Now, to the books that have brought this back up for me. For a variety of reasons, I've been brushing up on the Enlightenment (one reason: to continue my goal to, as Casey put it with respect to himself, "make up for the neglect I have suffered at the hands of public education"). As part of this, I'm reading Peter Gay's intellectual history, The Enlightenment: An Interpretation/The Rise of Modern Paganism (published in 1966). The thinkers of the Enlightenment, of course, saw reason and science, skepticism and criticism as the ways forward, out of the darkness of superstition and religion, toward freedom in all spheres of human life. Early in his book, Gay describes the differences between two basic mentalities with which people confront their world--the mythopoeic and the critical. Mythical thinking
is not necessarily primitive, monotonous, purely superstitious, or prelogical [...] . Mythical thinking is true thinking; it reduces the world to order, but its categories are unsettled, alive. They shift under the potent pressure of immediate experience or become rigid under the equally overwhelming weight of tradition. [. . .]

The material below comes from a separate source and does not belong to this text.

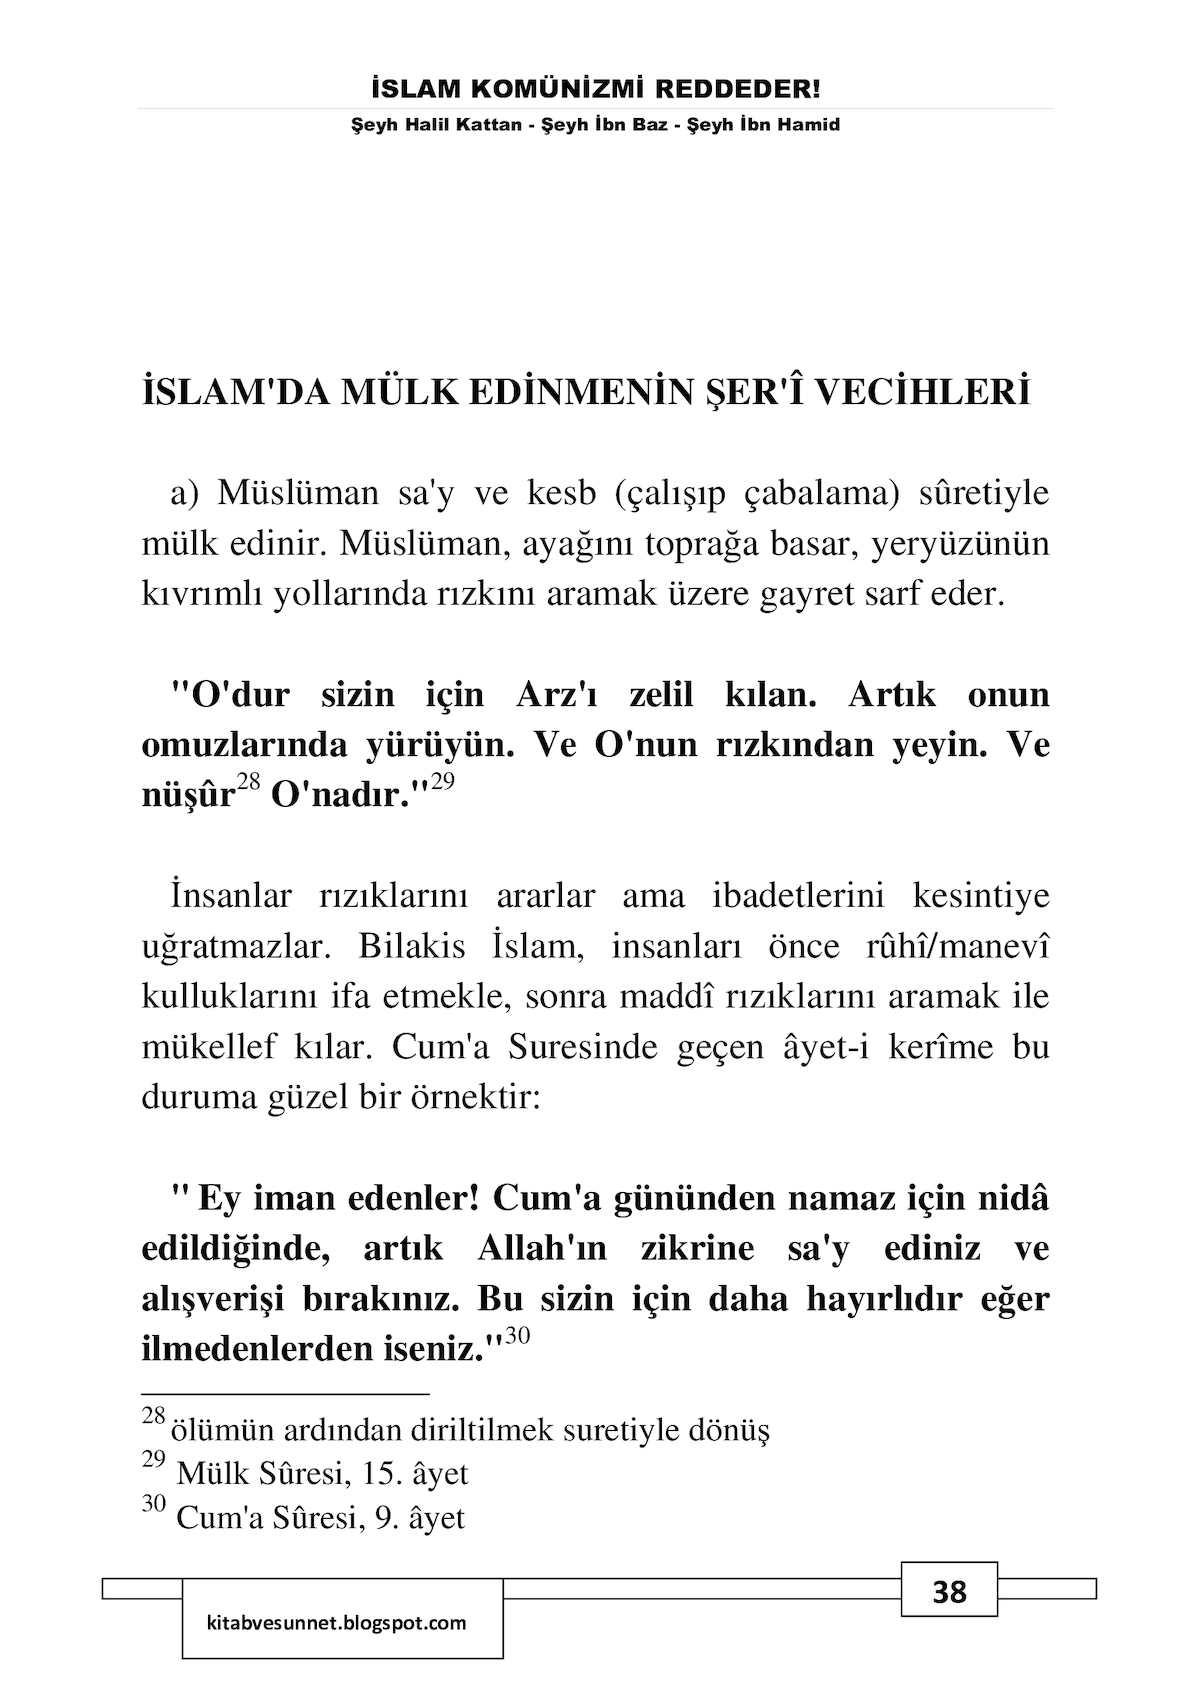 Islam Komunizmi Reddeder Calameo Downloader
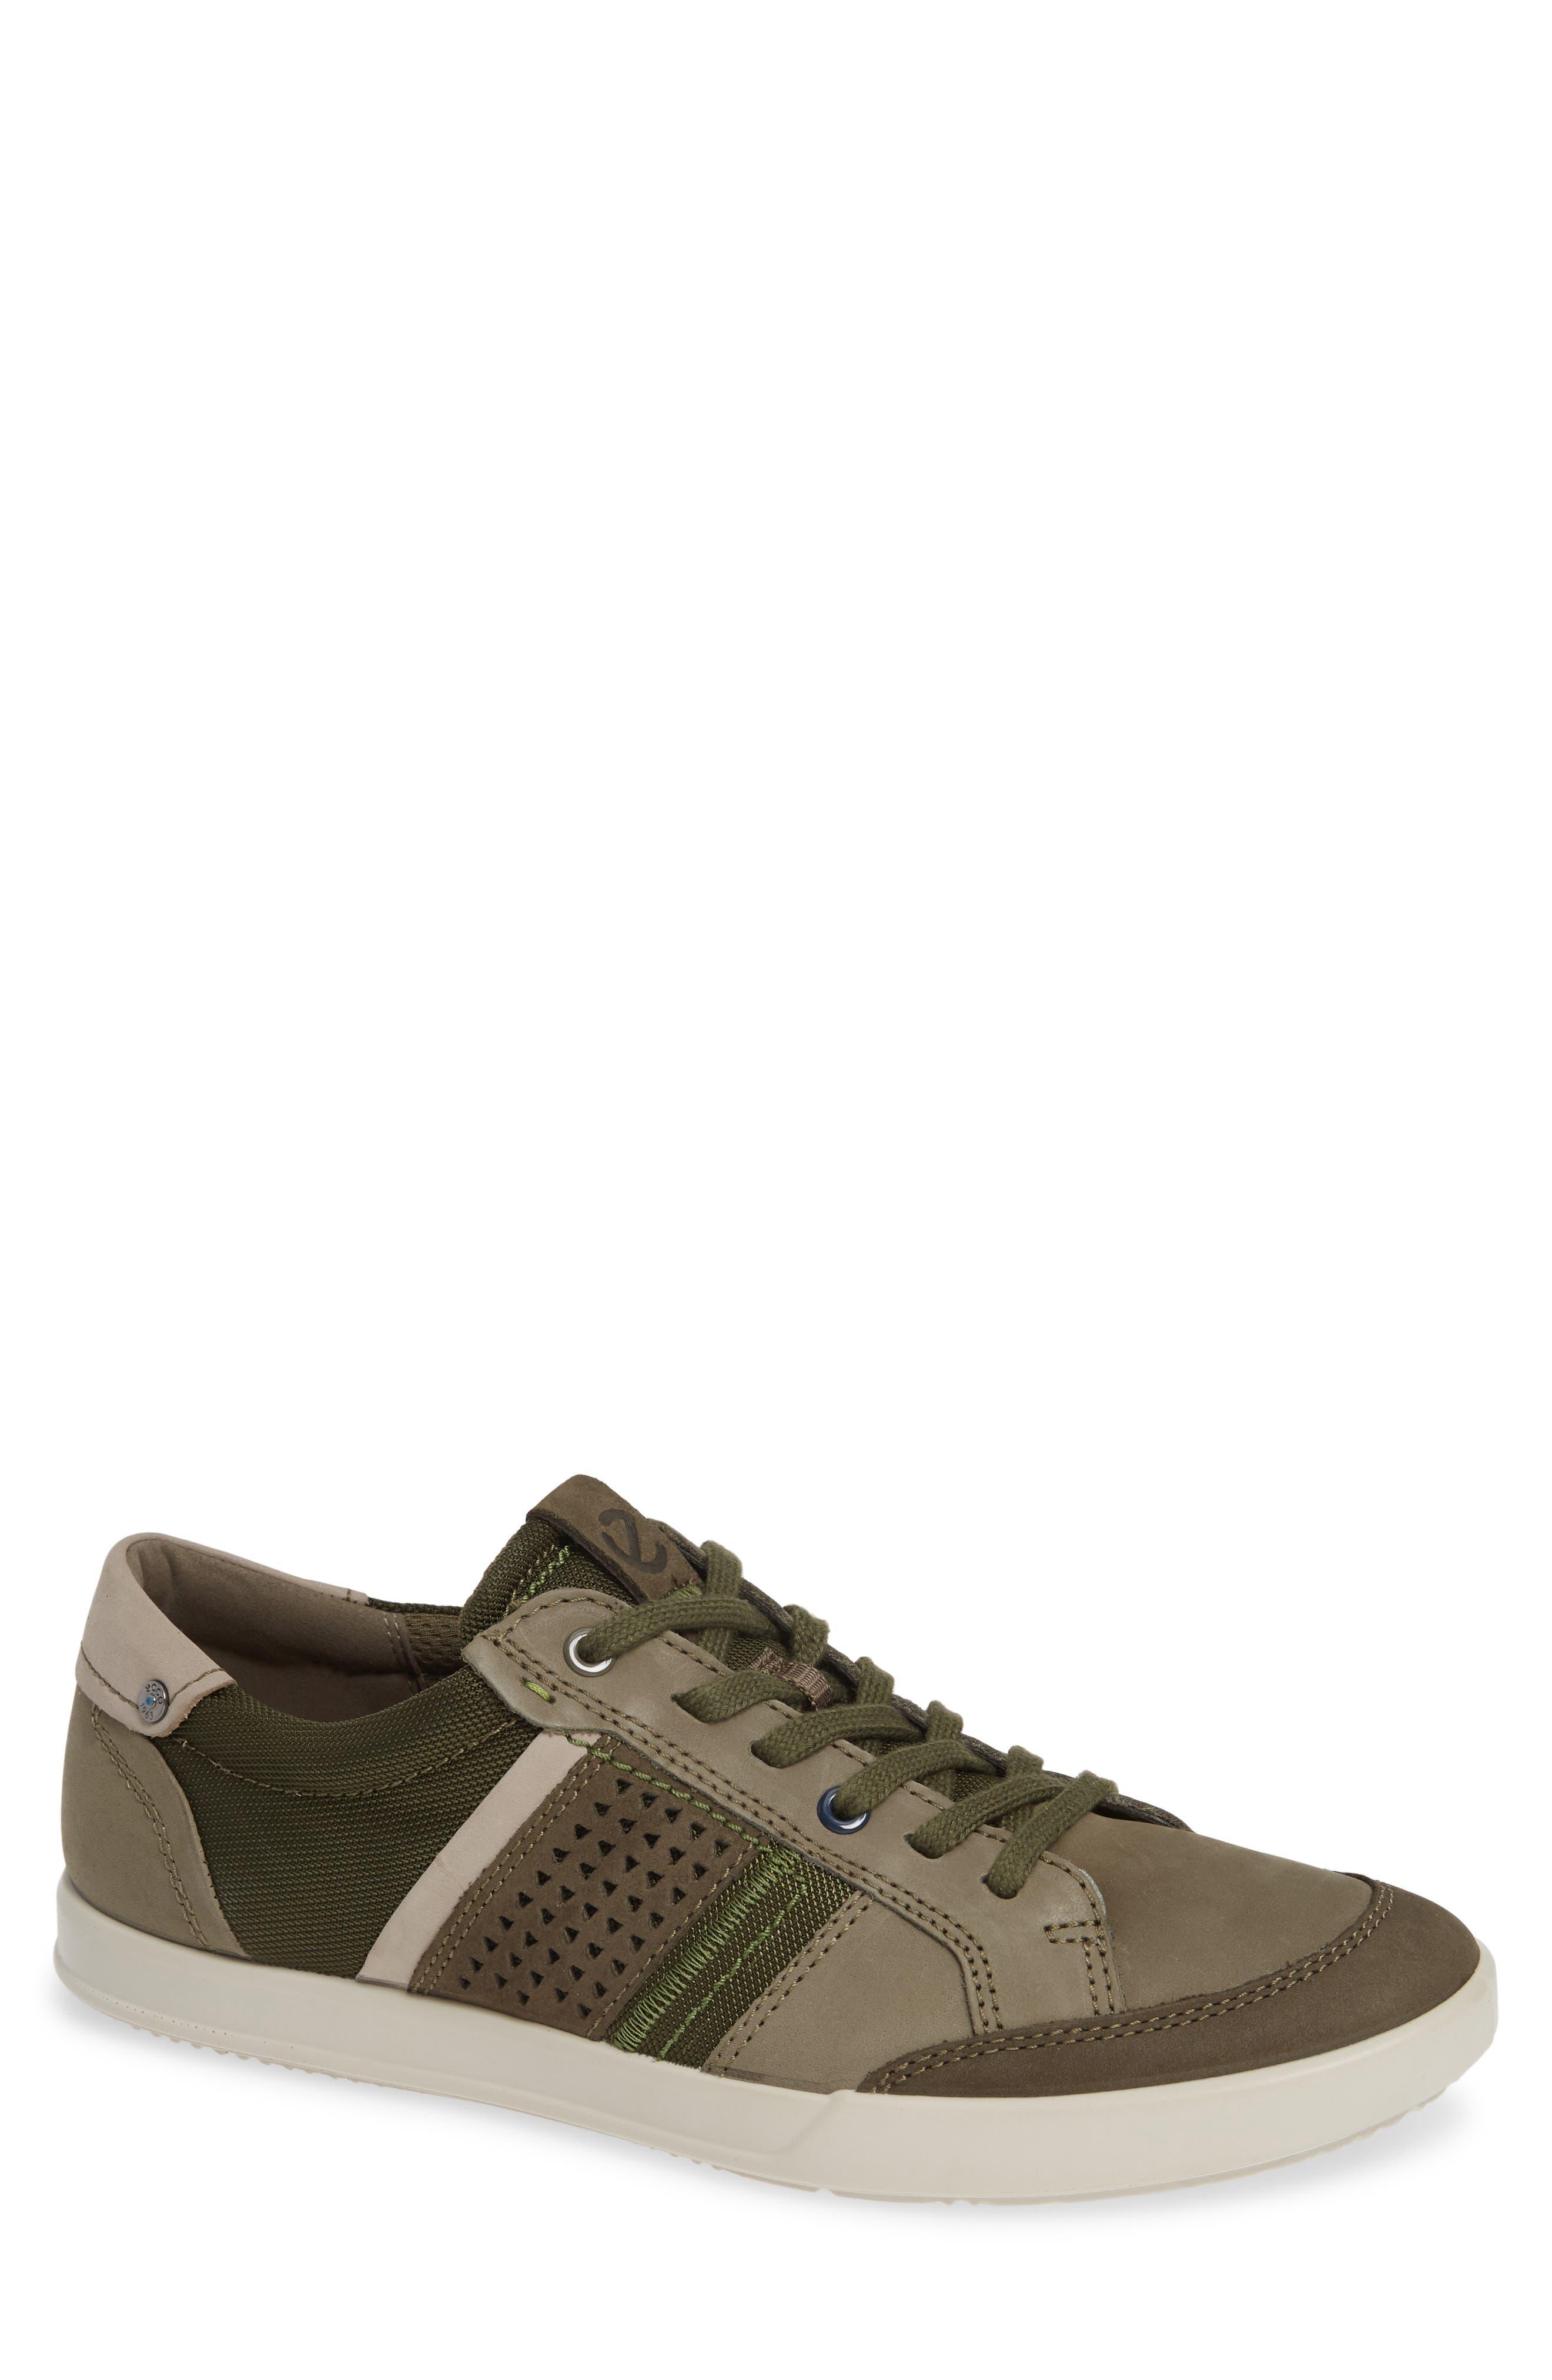 ECCO, Collin 2.0 Sneaker, Main thumbnail 1, color, TARMAC LEATHER

Mythical thinking is a collective term describing a wide variety of mental operations. It can be observed in all its purity among primitive peoples, while it was overlaid among advanced ancient civilizations by touches of rationality, beauty of expression, and complexity of institutions. Yet mythical thinking seems to crumble at the edges first; its basic logical operations remain intact long after civilizations have acquired large rational sectors. [. . .] In the mythmaking mind, state and universe, king and god, man and nature, stood for and melted into each other. Ancient man did not think that his king resembled divinity: he was divine, the true son and accredited representative of a god. Ritual did not recall a miraculous event, it was that event. The warrior who fashioned a little statue of an enemy and then pierced it with a dagger was not merely uttering a ceremonial wish to harm the enemy: the doll was the enemy, and the damage to the doll was identical with the damage done in combat--indeed, in a sense hard for the scientific mind to grasp, it was that combat. Since empirical verification was severely restricted to certain practical operations, the efficacy of the ceremony could not be rendered questionable by continued good health of the enemy. Proof and disproof are categories in a matrix of thought alien to the mythopoeic mind. (Gay; 89-90)
Whereas critical thinking relies on those very qualities that are absent in mythical thinking.

Knight's account of the origins of culture is not, he emphasizes late in Blood Relations, a brand-new scientific paradigm, but instead fits squarely in the Marxist tradition of anthropology. In light of that, it is important to note, he writes, that Marx and Engels saw their revolution as scientific and believed that politics should be subordinated to science, not the other way around (perhaps contrary to common conceptions of Marxists): "Their idea was not that science is inadequate, and that politics must replace it or be added to it. It was that science--when fearlessly true to itself--is intrinsically revolutionary, and that it must recognize no other politics than its own. (Knight; 520)" No doubt the leading figures of the Enlightenment would agree.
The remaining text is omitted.